Banks, which were never known for speed in technology adoption, seem to be working against McKinsey’s high-speed transformation. From the bank’s perspective, McKinsey’s sprint to unlock AI value may be too much and too fast, given their justifiable fear of AI risks and challenges with their tech stack.
So when McKinsey comes out with statements like this, many bankers just cringe:
“To create sustainable value, banks need to put AI first and revamp the entire technology stack. The rise of innovative technologies such as gen AI has prompted an update to the technology stack from a previous version published in 2020.”

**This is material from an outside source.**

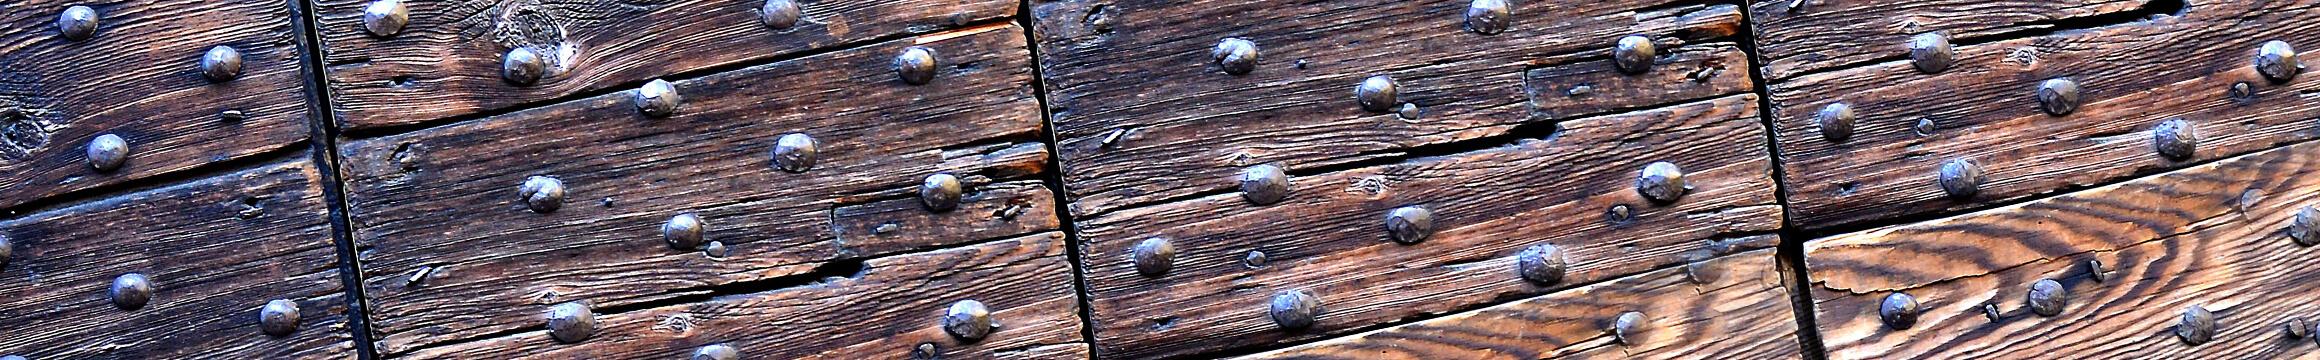 Wood Rustic 01

At the start of 2025, most banks' tech stacks date to 2015, not 2020! So, McKinsey's push for banks to transform themselves and “revamp their tech stack” will be met with a shrug from most bankers.
AI will transform banking, there is no doubt. How fast that transformation will come is another story, and McKinsey’s urgency appears increasingly out of touch with most banker’s reality.
👉AI-First Bank Essentials
🔹 Reimagining the customer experience by providing personalized offers and streamlined, frictionless use across various devices for bank-owned platforms as well as partner ecosystems.
🔹 Using AI to help with decision-making, significantly enhancing productivity by building the architecture required to generate real-time analytical insights and translating them into messages addressing precise customer needs.
🔹 Modernizing core technology required for the backbone of the AI capability stack, including automated cloud provisioning, an application programming interface, and streamlined architecture to enable continuous, secure data exchange among various parts of the bank.
🔹 Setting up a platform operating model that brings together the right talent, culture, and organizational design.